The function returns the return value of the last call to the
callback function.
This functions exits if the callback function returns with an exit
code different of E_None or E_Ignore.

c2) char **scanCmdline(char *line, optScanner fct, void * const arg, int *argc, int *opts);

Scan and parse a complete line into an array.

'line' is a pointer to the line to be broken into individual arguments
or parsed as options.

'fct' is the pointer to the callback function. If NULL, any option
generates an error.

'arg' is passed unchanged to the callback function.

'argc' is a pointer to an (int) object, which is updated with the number
of arguments (non-option arguments) into which the line has been
broken.

'opts' is a pointer to an (int) object, which is updated with the number
of successfully parsed options.

This function returns:
	NULL: on failure (the error message has been issued already)
	else: a pointer to a dynamically allocated array of pointers
		to also dyncamically allocated strings representing the
		individual arguments.

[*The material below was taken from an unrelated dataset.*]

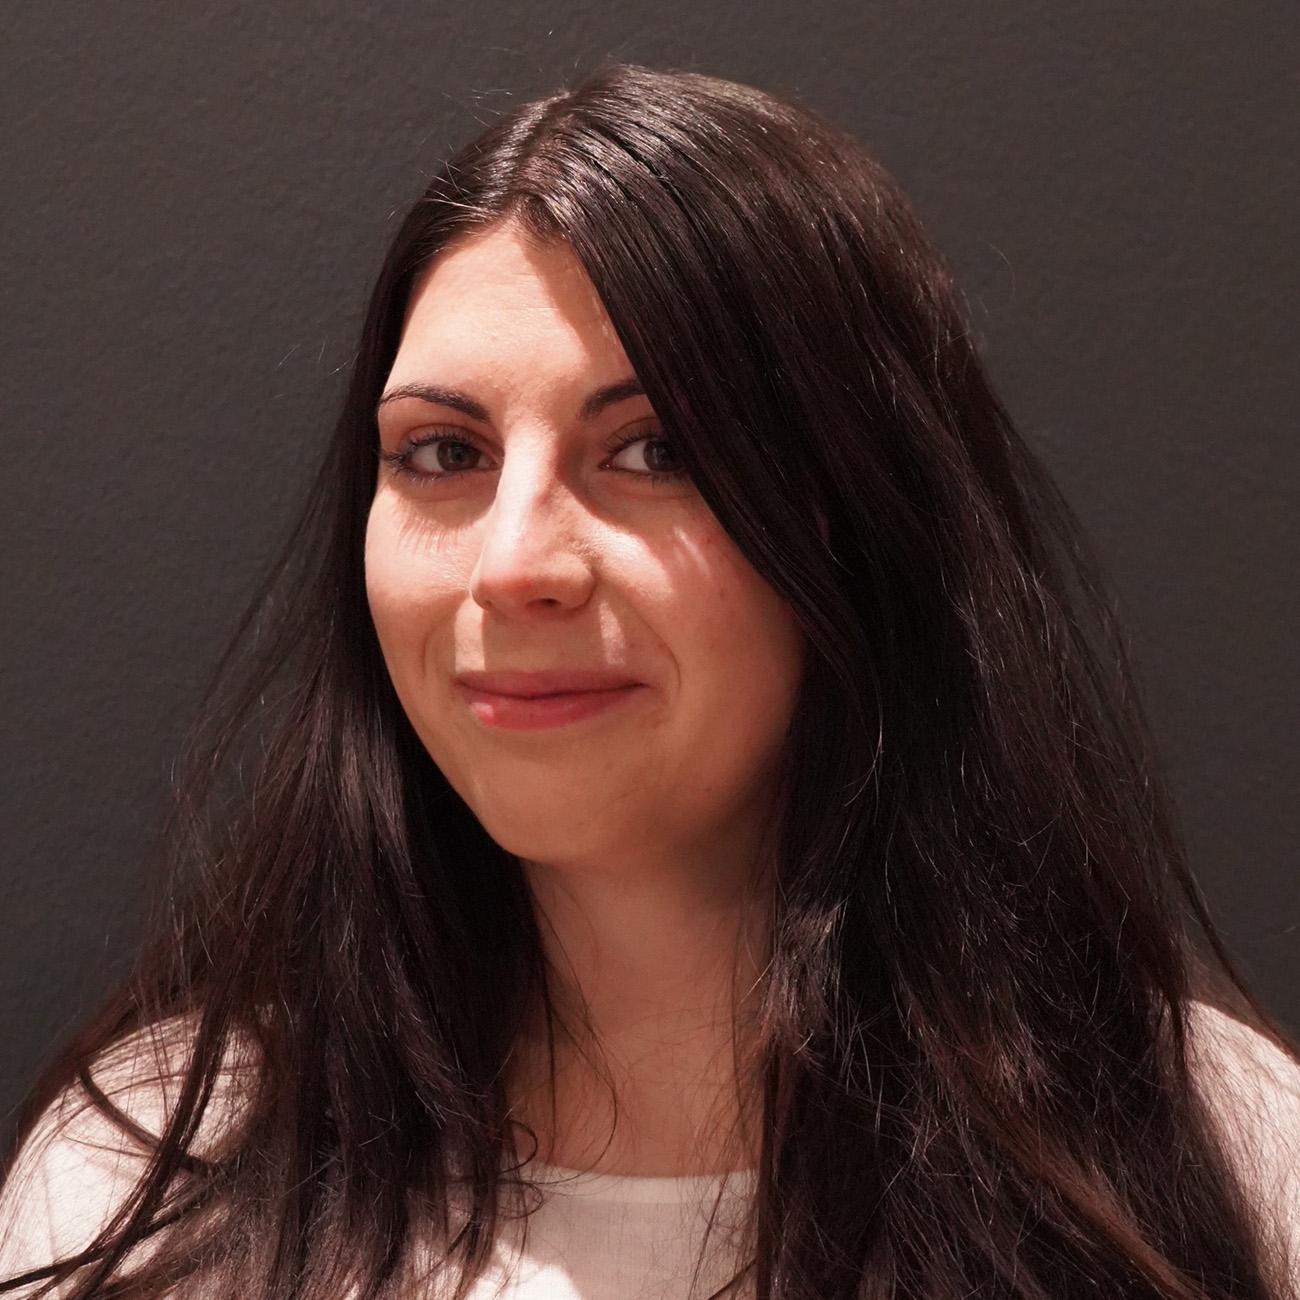 Maria Stamataki - Frauenarzt | Gynäkologikum 24 - Praxis für Gynäkologie München | Zentrum

This array has (*argc + 1) elements,
		the last one, (*argc) itself, is NULL.

This functions fails if the callback function returns with an exit
code different of E_None or E_Ignore.




== Error codes
	E_None = 0,			No error, is always 0 (zero)
	E_Useage = 1,		useage error
	E_Other = 2,		unspecified error
	E_CBreak = 3,		^Break pressed
	E_NoMem,			out of memory condition
	E_NoOption,			parsed option is no "real" option
	E_Exit,				exit program as soon as possible
	E_Ignore			ignore this option



== Implementation example

#include "cmdline.h"


int optP, optC;
char *optMSG = NULL;

optScanFct(opt_xmpl)
{	switch(ch) {
		/* parse single character options */
	case 'P':	return optScanBool(optP);
	case 'C':	return optScanBool(optC);
		/* parse longname options */
	case 0:
		if(optLong("MSG"))
			return optScanString(optMSG);
	}

	optErr();
	return E_Useage;
}

xmpl(char *line)
{	char **argv;
	int argc, opts;

	/* Initialize the default settings of the options */
		optP = 1;
		optC = 0;
	/* Kill the left-over of the previous call to xmpl() */
		free(optMSG);
		optMSG = NULL;

	argv = scanCmdLine(line		/* line to scan & parse */
		, opt_xmpl				/* callback function */
		, NULL 					/* no local 'arg' */
		, &argc, &opts);		/* pointers to the counters */

	if(!argv)		/* Failed */
		return EXIT_FAILURE;

	printf("The line had %u options.\n", opts);
	printf("The current state of the /P option is: %s\n", optP? "on": "off");
	printf("The current state of the /C option is: %s\n", optC? "on": "off");
	printf("The current valus of the /MSG option is: %s\n"
		, optMSG? optMSG: "<<not set>>");
	if(argc) {
		int i;

		puts("The arguments of the line are:");
		for(i = 0; i < argc; ++i)
			printf("arg[%u] == \"%s\"\n", i + 1, argv[i]);
	} else {
		puts("No non-option argument found.");
	}

	freep(argv);		/* free the argument array, NOTE THE 'p' */

	return EXIT_SUCCESS;
}

== General reflections

1) The callback mechanism allows a very flexible association between
	a syntacical correct option to a semantic.
	However, if other semantics are needed, the optScan***() function
	set should be improved rather than locally implemented into
	the callback function.

2) If the switch() statement in the callbacl functions are kept as
	showed (meaning: "return optScanBool(var);") for all the entries,
	Borland C's code optimizer generates something like this:
		is_L:	mov ax, OFFSET optL
				jmp short ?1
		is_P:	mov ax, OFFSET optP
				jmp short ?1
		is_C:	mov ax, OFFSET optA
				jmp short ?1
		is_X:	mov ax, OFFSET optX
		?1:		push ax
				...
				call _optScanBool
				...
				ret
	Good enough?!

3) The mechanism allows two non-standard things currently:
3a) to leave options within the argument array, as used within COPY to
	tread /A and /B as local options, thus, bypass them in the first
	run to catch all the global options. See COPY.C for implementation
	details.
3b) to use options for something totally different, as used for the
	/C option of FreeCom itself. See INIT.C for implementation
	details.